Выходом, спасительным для Кузмина, явилась продажа его "Дневника" Государственному литературному музею". Уже 17 декабря 1933 года поэт писал профессору Ю. А. Бахрушину: "Я послал расписку в получении денег Владимиру Дмитриевичу (Бонч-Бруевичу, через которого "Дневник" поступил в музей). Дошло все благополучно, хотя почтовое отделение и было потрясено, и мы ходили дважды с чемоданами получать мои тысячи, как в старом кино "Ограбление Виргинской почты". Да, значит: архив ушел, деньги уйдут, но, надеюсь, приобретенные при этом хорошие отношения останутся..."

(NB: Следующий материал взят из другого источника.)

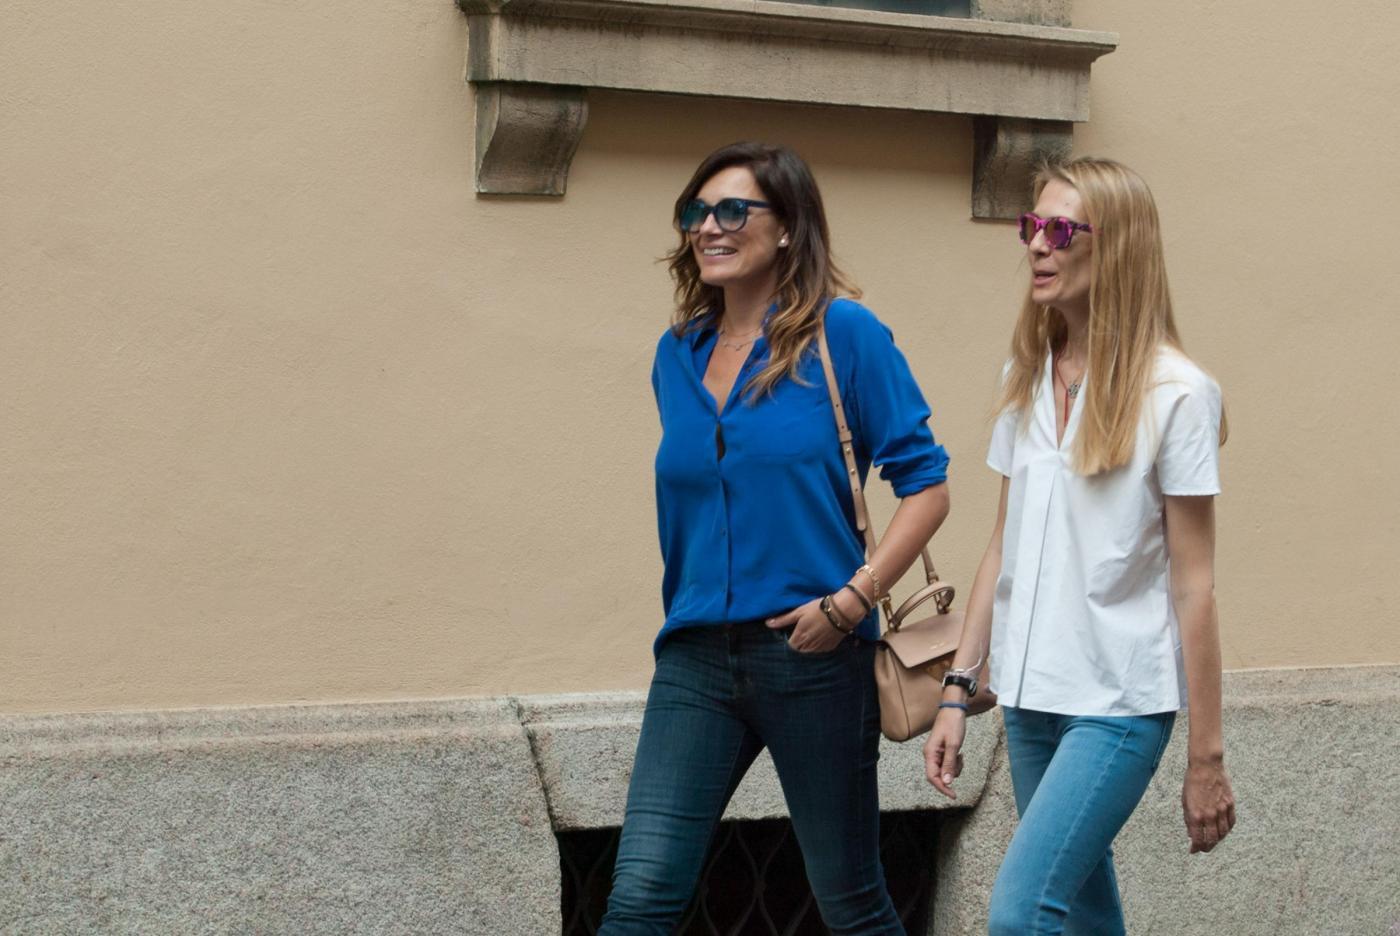 Alena Seredova e Lavinia Borromeo fanno shopping a Milano FOTO 25

Умер Кузмин 3 марта 1936 года в Ленинграде.

История его "Дневников" трагична. Уже в 1934 году они были истребованы из Гослитмузея органами НКВД. "Кузмина уже не было в живых той порой, - писал исследователь его творчества А. Г. Тимофеев, - когда по его "Дневнику" (либо: в том числе - и по его "Дневнику") начали брать людей. До недавнего времени эта версия слыла зловещей и леденящей кровь легендой, но факты литературной жизни Ленинграда поздних тридцатых заставляют признать её более чем достоверной (не исключено, что "Дневник" начали использовать и при жизни автора). Нельзя не скорбеть о том, что стихотворения (Кузмина) 30-х годов (сборники "Тристан", "Простой мир", поэма "Убийством усыновленный") и переводы сонетов Шекспира были реквизированы ГПУ при аресте друга Кузмина писателя Юрия Юркуна в 1938 году и, очевидно, бесследно исчезли в одну из блокадных ленинградских зим, когда ГПУ жгло и истребляло свои архивы. Не стал ли Кузмин убийцей (в метафизическом, разумеется, смысле) своего любимого друга и многих других подававших надежды прозаиков и поэтов?.. И, вероятно, уже никто не узнает, сколько таких косвенных убийств лежит на совести этого изящного человека, в котором совсем не хочется видеть - в унисон с ахматовской концепцией "Поэмы без героя" (где он выведен в маске сеющего зло Калиостро) - посланника Ада, толкующего о "страсти нежной" и увлекательной дружбе-любви... Нам возразят, что нешахматный ум Кузмина не мог предвидеть темную историю проданного в музей "Дневника". На это ответ: если речь идет о художнике, в сознании которого замысел пьесы о Нероне возник в момент сооружения мавзолея, а не в год "великого перелома", когда пьеса "Смерть Нерона" была написана, - такой аргумент едва ли приемлем."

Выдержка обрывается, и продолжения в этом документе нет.